When it is a question of research and possible methods of resolution “Management of unstructured data using structured meta data” is a very broad field. This section attempts to demonstrate the basic direction of the various approaches to the topic which are generically related in subject matter to SmApper while, at the same time, offering a brief demarcation to SmApper.

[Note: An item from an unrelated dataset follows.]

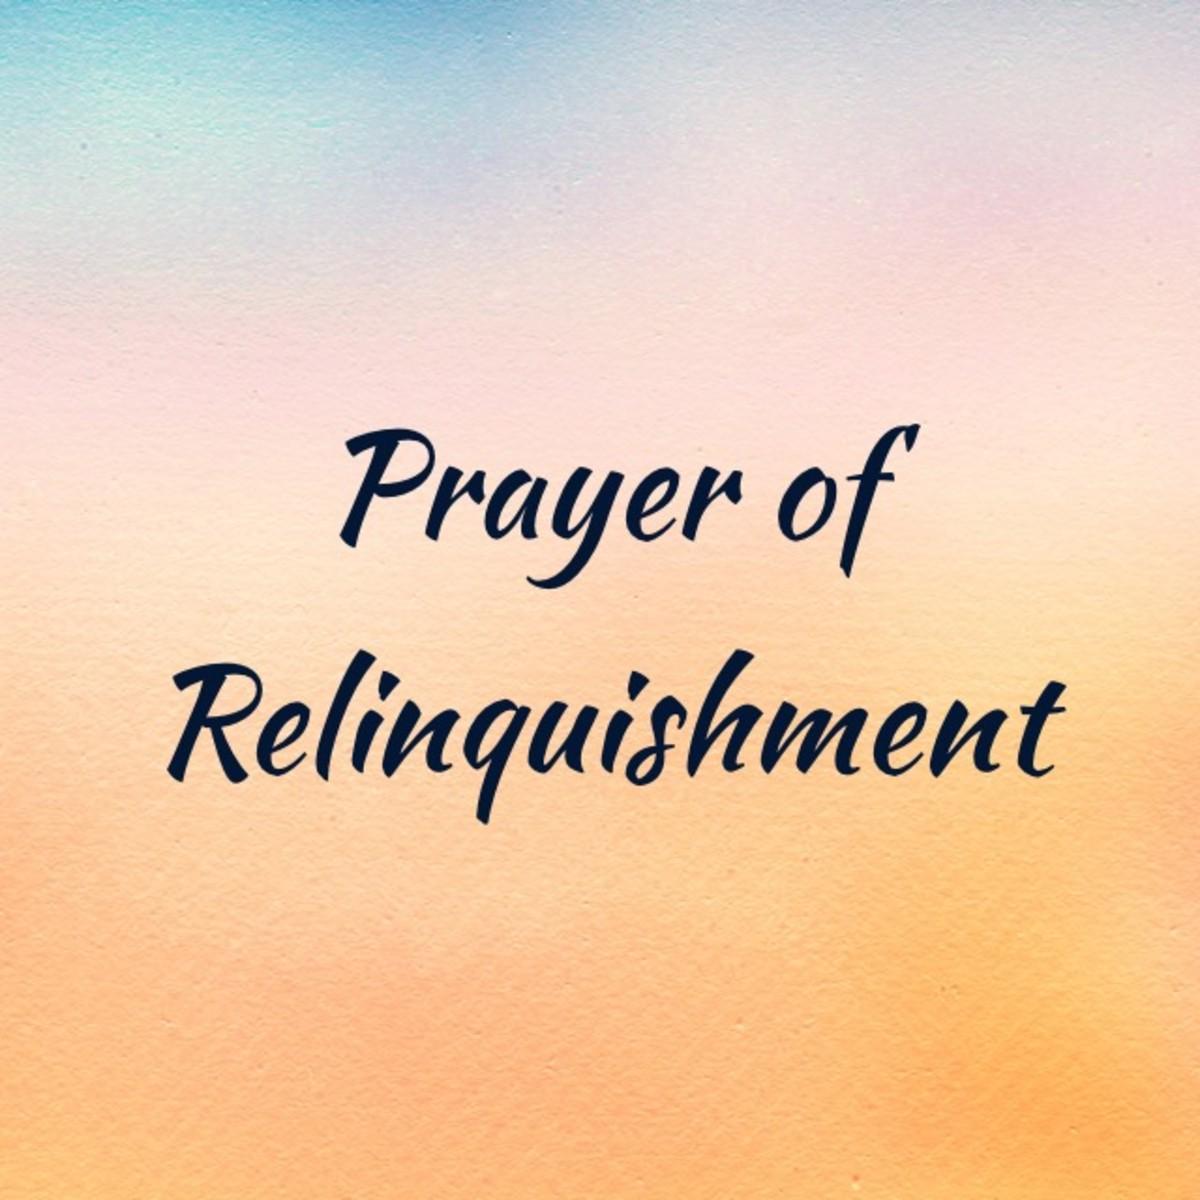 Prayer of Relinquishment

The first method of approach is based for the most part on the concept of the so-called Semantic File Systems written by Gifford et al. [11]. In the same way as SmApper, the Semantic File System allows data to be extracted via freely defined programs by means of so-called transducers, then to be saved as Key Value Pairs and finally to be recalled using the query concept of the virtual directories. Gifford's approach enables an indexed meta data structure to be set up parallel to the original file system. The primary differences between the Semantic File System as opposed to SmApper are as follows:

  • it is implemented as a NFS file system, meaning that no heterogeneous landscapes are possible (as opposed to the VFS SmApper approach)
  • it is implemented as software, meaning that maintenance and support appear to be more complex when compared to the SmApper appliance approach
  • Semantic File Systems only permit intrinsic attributes and therefore no additional, freely defined attributes unlike SmApper
  • attributes are always read-only
  • no actions, no rules
  • no specialized file system making meta data persistently high-performance
  • no meta data hierarchies
  • only strings and integers are permitted as meta data types
  • the software runs in userspace resulting in lack of performance in high-performance enterprise applications.

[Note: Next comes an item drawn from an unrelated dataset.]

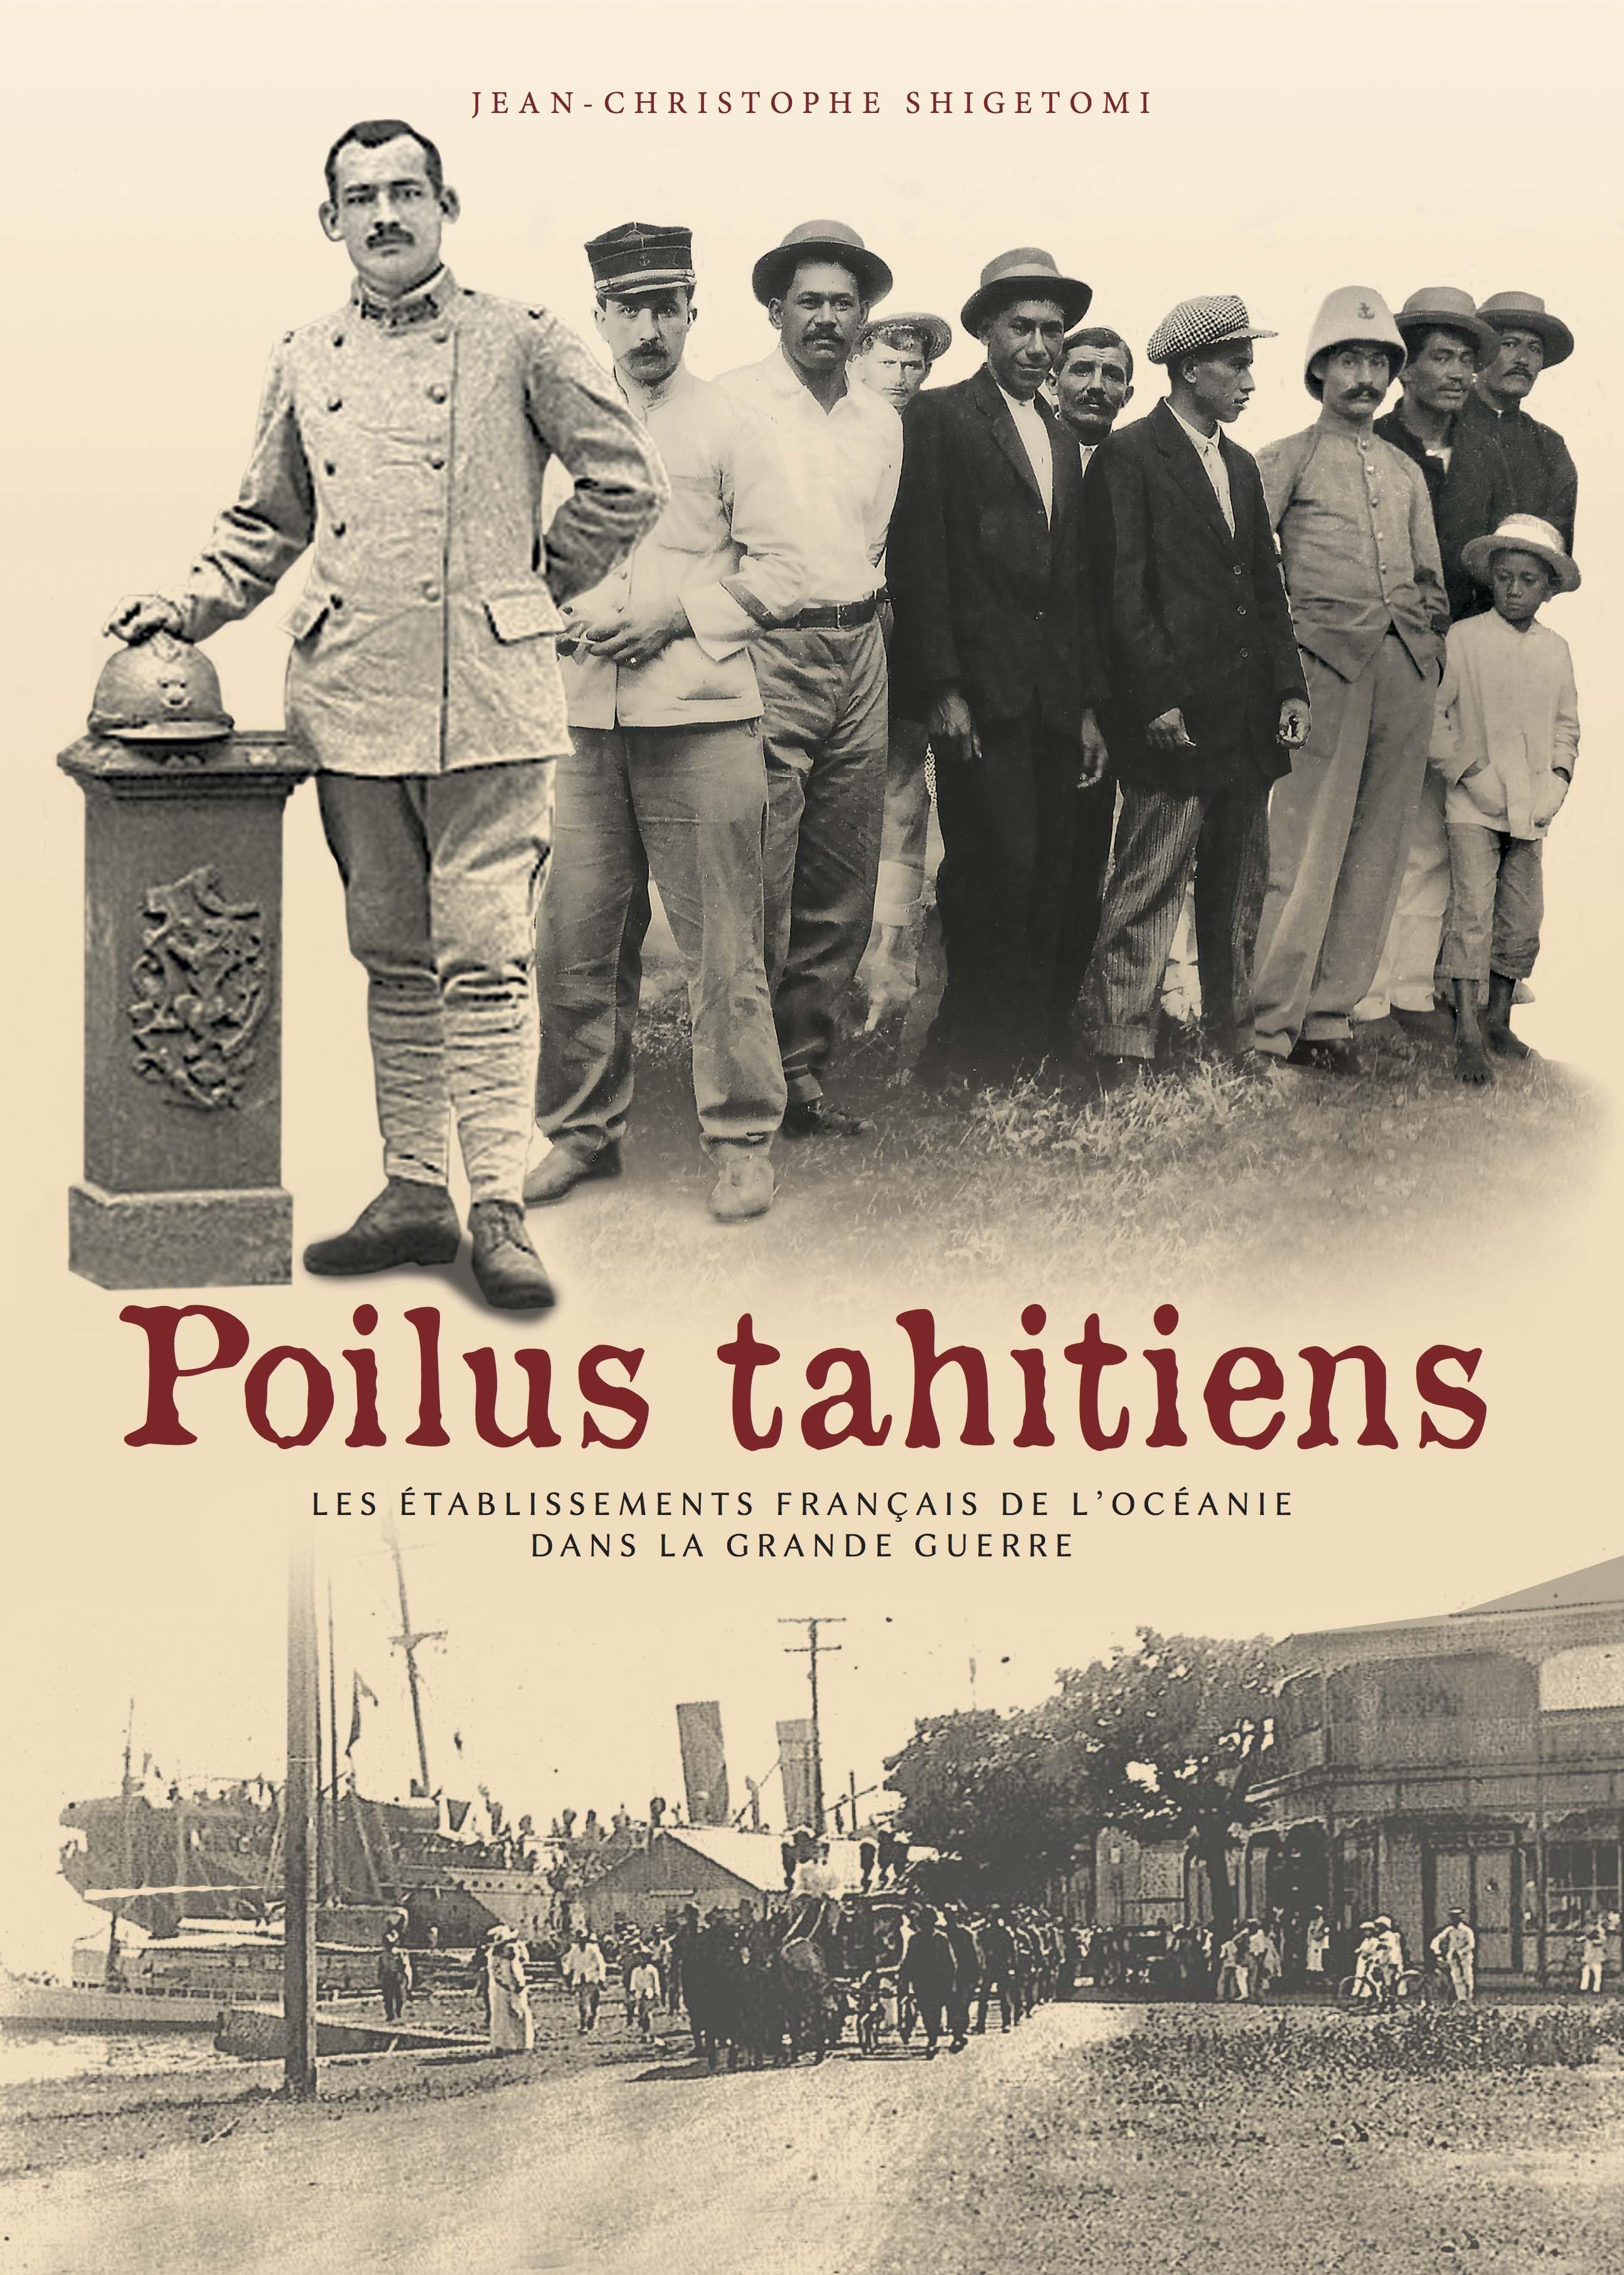 Shigetomi publie un livre hommage aux Poilus tahitiens

Based on Gifford et al., the so-called hierarchy and content approach [13] shows the extension of the Semantic File Systems concept in the sense that query results no longer provide virtual directories but actual physical directories which can then be modified by the user; although this allows for a high degree of flexibility it also involves different challenges as a result of inconsistency. This latter approach differs to the same extent from SmApper as Gifford et al. does.

Sedar [14] presents a further, interesting alternative in the form of a new file system as a storage location for meta data and data by introducing the concept of semantic vectors. The aim here is to optimize the storage requirement of similar blocks/files using semantic hashing. This approach appears to be very interesting for future reference even though, at the time of publication, it seemed to have a long way to go before the implementation is realizable. The same is true of Gifford et al. as opposed to SmApper.

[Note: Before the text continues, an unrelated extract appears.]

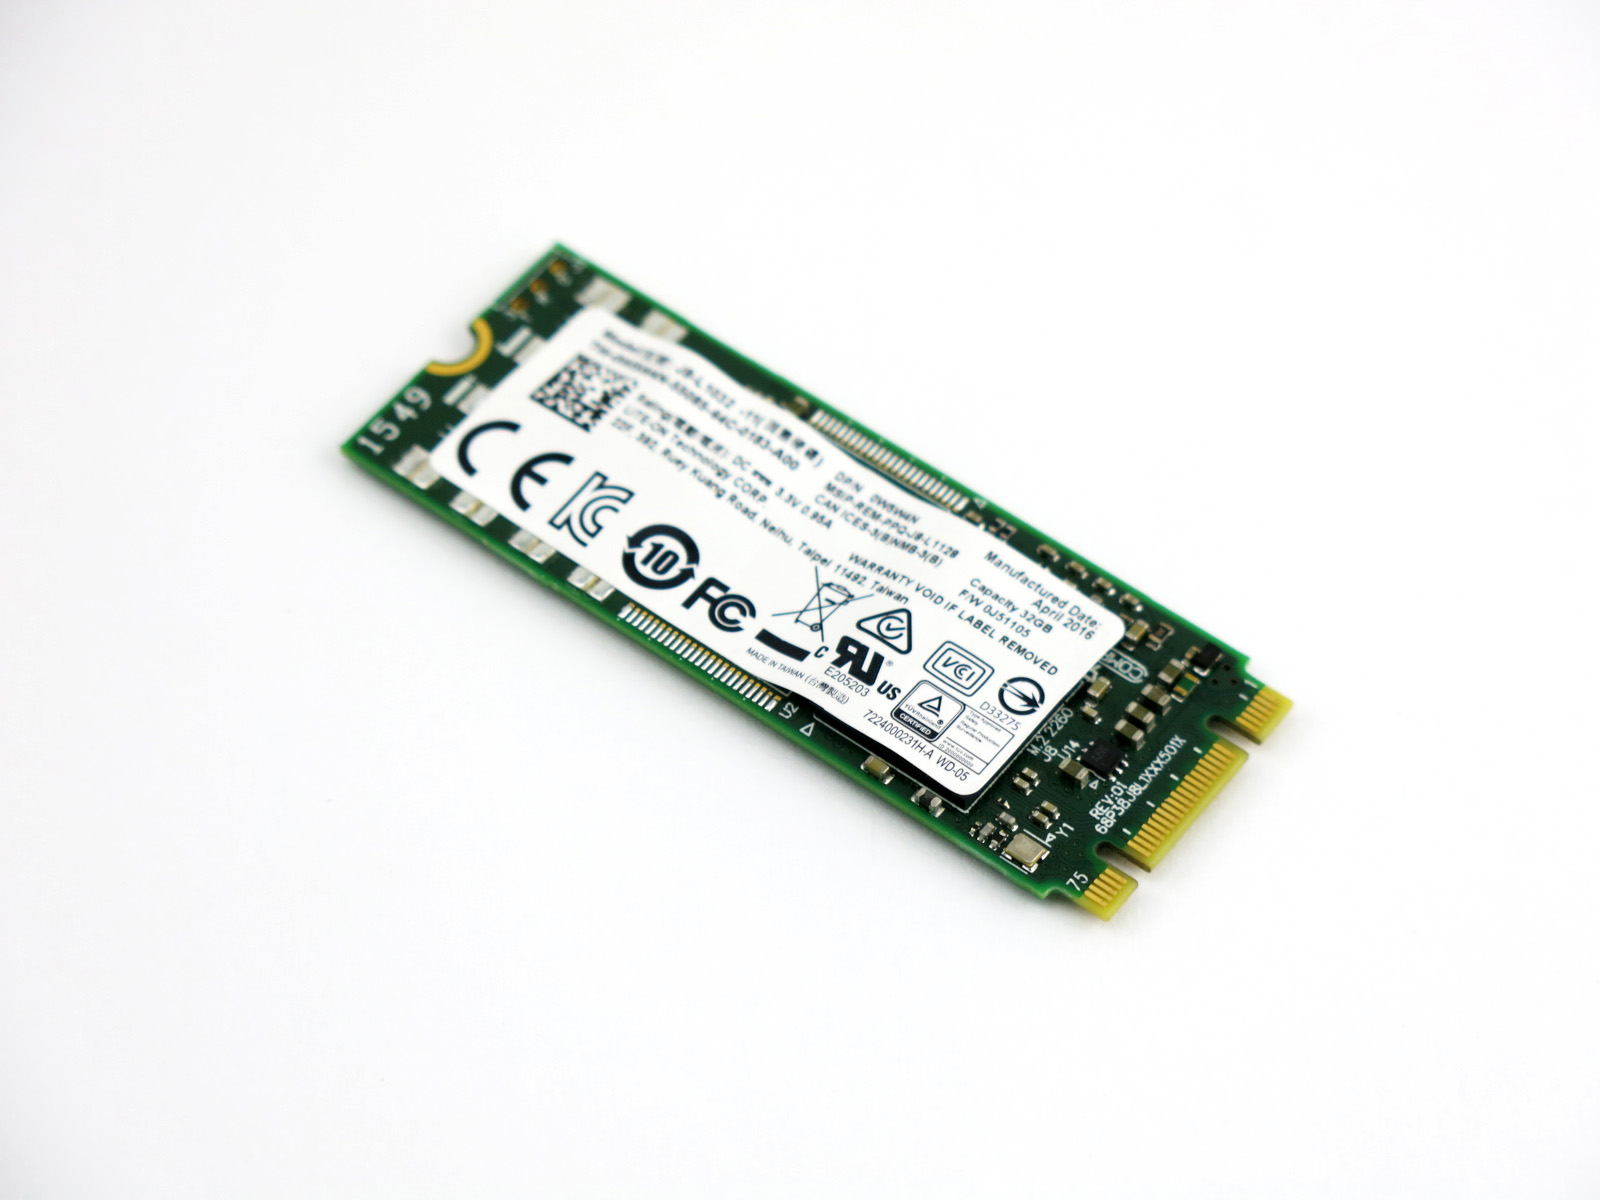 J8-L1032-11 / W5W4N 60 mm SSD Drive

A further related concept to the SmApper paradigm is that of the semantic web. [8, 9] The background of the semantic web concept is best explained in the following quotation from the article “The Semantic Web” in the Scientific American: “ . . . The Semantic Web is an extension of the current web in which information is given well-defined meaning, better enabling computers and people to work in cooperation . . . .” [8]. The Semantic Web is based on the Resource Description Framework (RDF), which integrates a variety of applications, in particular XML. The authors analyze the advantages and disadvantages of using XML or XML/RDF as a description of the smap_base_type attributes but this has no fundamental bearing on the whole concept. Thus the Semantic Web approach is not a rival concept but could instead be viewed as synergetic to SmApper (see also [16]).

One highly interesting approach which could also lead to an improvement in data management is the Storage Grid approach followed by Network Appliance [10]. Storage Grid will be able to aggregate physical storage devices in a logical way, packaging them accordingly in front of the user—the whole procedure independent of protocols, technology and even physical locations. This concept could even make classical storage virtualization solutions obsolete. At present, however, only one manufacturer seems capable of realizing this concept, namely Network Appliance, and even then it is merely a concept which will be realizable solely by using the equipment of that one manufacturer, though this could of course change in time. From the SmApper viewpoint, Storage Grid is an additive concept as storage virtualization is not merely one of the core features of SmApper but in fact imperative for SmApper to be able to implement its features. On the contrary, SmApper allows to unleash the real power of a grid.

There is a multitude of (particularly commercial but also open source) applications, which reproduce parts of SmApper's functionality. Of particular note are Content-Management-Systems, Groupware-Systems, ILM-Systems as well as extended storage concepts. To date, however, the inventors are not aware of any concept that is capable of combining the advantages outlined in Section 6.2 entitled ‘What makes SmApper unique?’

6.2 What Makes SmApper Unique?

The uniqueness or innovation of SmApper can be considered from two sides:

1. From an abstract solution oriented point of view

2. From a technical point of view

When it is a question of solution orientation, FIG. 7 will help to demonstrate the innovative nature of the concept. According to this Figure SmApper bypasses all layers from the physical representation to information as the only meta data solution. In contrast to all the other comparable state-of-the-art solutions we have looked at, SmApper does not simply focus on one of the two lower layers (physical data/logical data) but also helps to bridge the gap between logical data and information as such. SmApper achieves this by systemically integrating its new data types (smap_base_types) by means of rules and actions that although syntactically and semantically defined, can be freely selected. This is the missing factor, which we fail to find at all in any of the approaches discussed here.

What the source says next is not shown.